The science of these fallow periods may be recent, but the “in-between” period has long played a starring role in history and literature. Consider these examples from recent years: In Katherine May’s Wintering, she defines the title as “a fallow period in life when you’re cut off from the world, feeling rejected, sidelined, blocked from progress, or cast into the role of an outsider.” In Life Is in the Transitions, Bruce Feiler refers to this period as the “messy middle” that leads to a “new beginning.” Brene Brown, in Rising Strong, calls it a “middle space of struggle” when you’re “in the dark.”
In a sense, we’re all in that “middle space of struggle” right now and it’s important to recognize that we won’t be in this limbo forever. But if you do want to give yourself a nudge, the experts have a few suggestions. Among them:
Take a break. A shower, a run, a nap. Drexel’s Kounios has found that distracting yourself when you’re stuck is often the best way to solve a problem or come up with a new idea. In a 2015 survey of 1,114 people, Linda Ovington, a researcher at Charles Sturt University in Australia, found that 80% reported having “aha” moments, and among the most frequent places they had them were in the shower, while exercising, in transport or in nature.
Daydream. We spend 25% to 50% of our time daydreaming, a figure that mental health experts believe has increased for some people during the pandemic. The good news is, in a study of physicists and writers, psychologists at the University of California, Santa Barbara, found that 20% of their most original ideas arose while daydreaming. What’s more, the ideas they had while daydreaming were more likely to solve “an impasse on a problem and to be experienced as ‘aha’ moments” than when they were consciously focused on their work. In a 2013 analysis, meanwhile, University of Minnesota psychologist Eric Klinger found that mind-wandering helps people explore possible new goals “such as job possibilities or personal relationships.”

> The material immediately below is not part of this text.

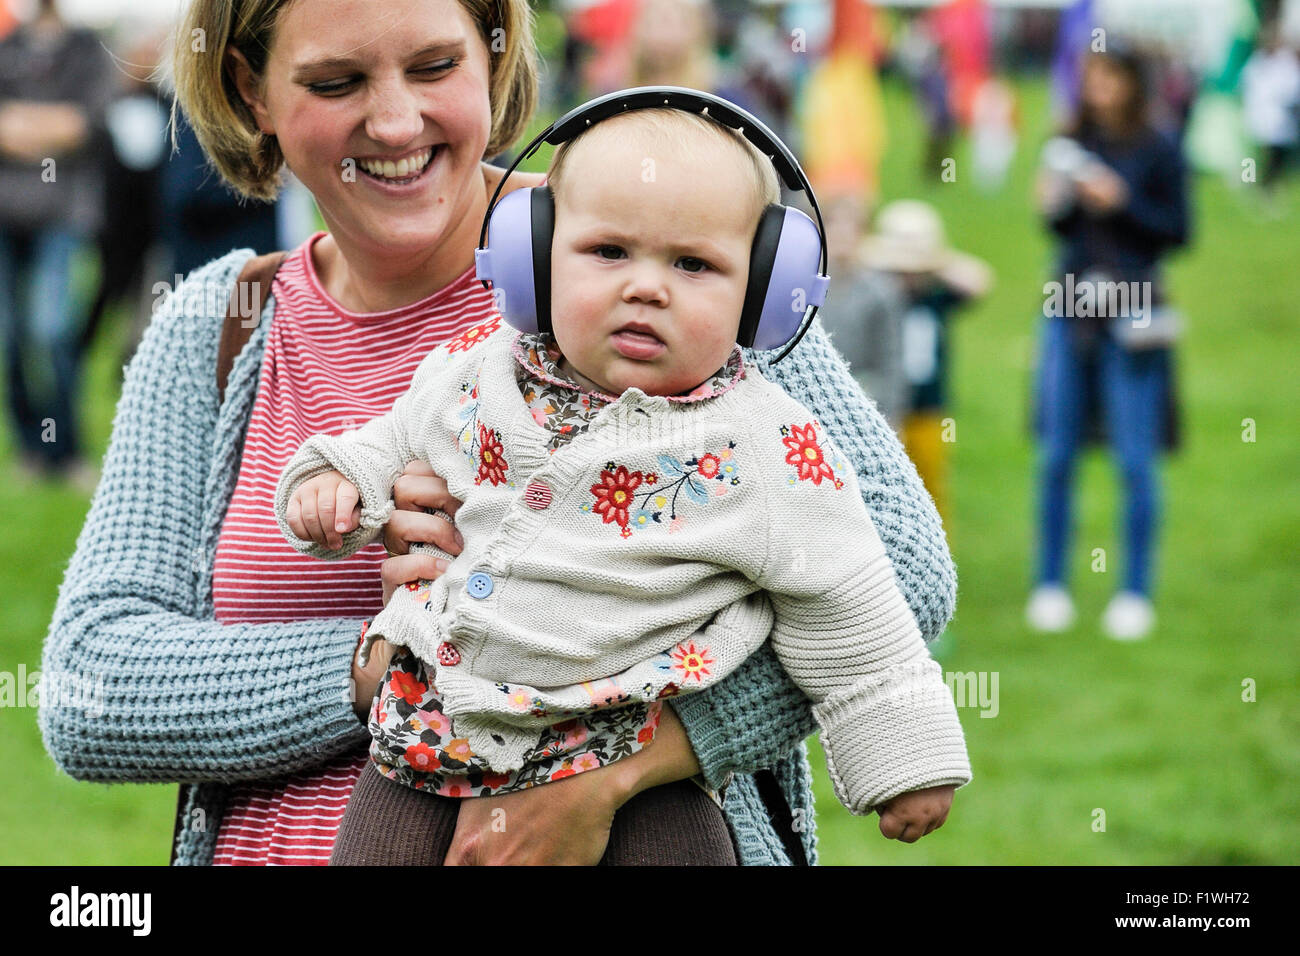 Maude, aged 11 months enjoying herself at Together The People Festival in Brighton. Stock Photo

Talk to an “expert companion.” Tedeschi and his colleagues have found that to achieve post-traumatic growth, it helps to talk to a person who knows you well. The person doesn’t need to be a professional; it’s often a friend or relative. These conversations can be revelatory even without trauma. As a young man, Danny Meyer was considering law school when his uncle told him, “Since you were a child, all you’ve ever talked or thought about is food…Why don’t you just open a restaurant?” That comment set Meyer, now CEO of Union Square Hospitality Group, on a path to become one of the most successful restaurateurs in the world. “I knew I loved restaurants, but it just never occurred to me that that was a viable career choice” until then, Meyer told me.
-Try on “possible selves.” Psychologists believe we can imagine different variations of who we might become. As Ibarra, the business professor who specializes in career reinvention, has written, “the path to your next career will be circuitous. To cover all of the ground you’ll need to cover, it’s vital to let yourself imagine a divergent set of possible selves and futures. Embrace that process and explore as many of them as you can.”
–And finally, don’t be too hard on yourself. I’ve certainly had my days and weeks of feeling like I’m spinning my wheels. It’s easy to get caught up in a doomscrolling cycle of despair, even as we feel that we should do something. Yet the experts I’ve spoken with believe this period of fallow, of discomfort, does serve a purpose. “When society gets too comfortable, it gets too rigid,” Kounios says. “It’s when you are forced to think and act differently that it liberates the mind to be creative.”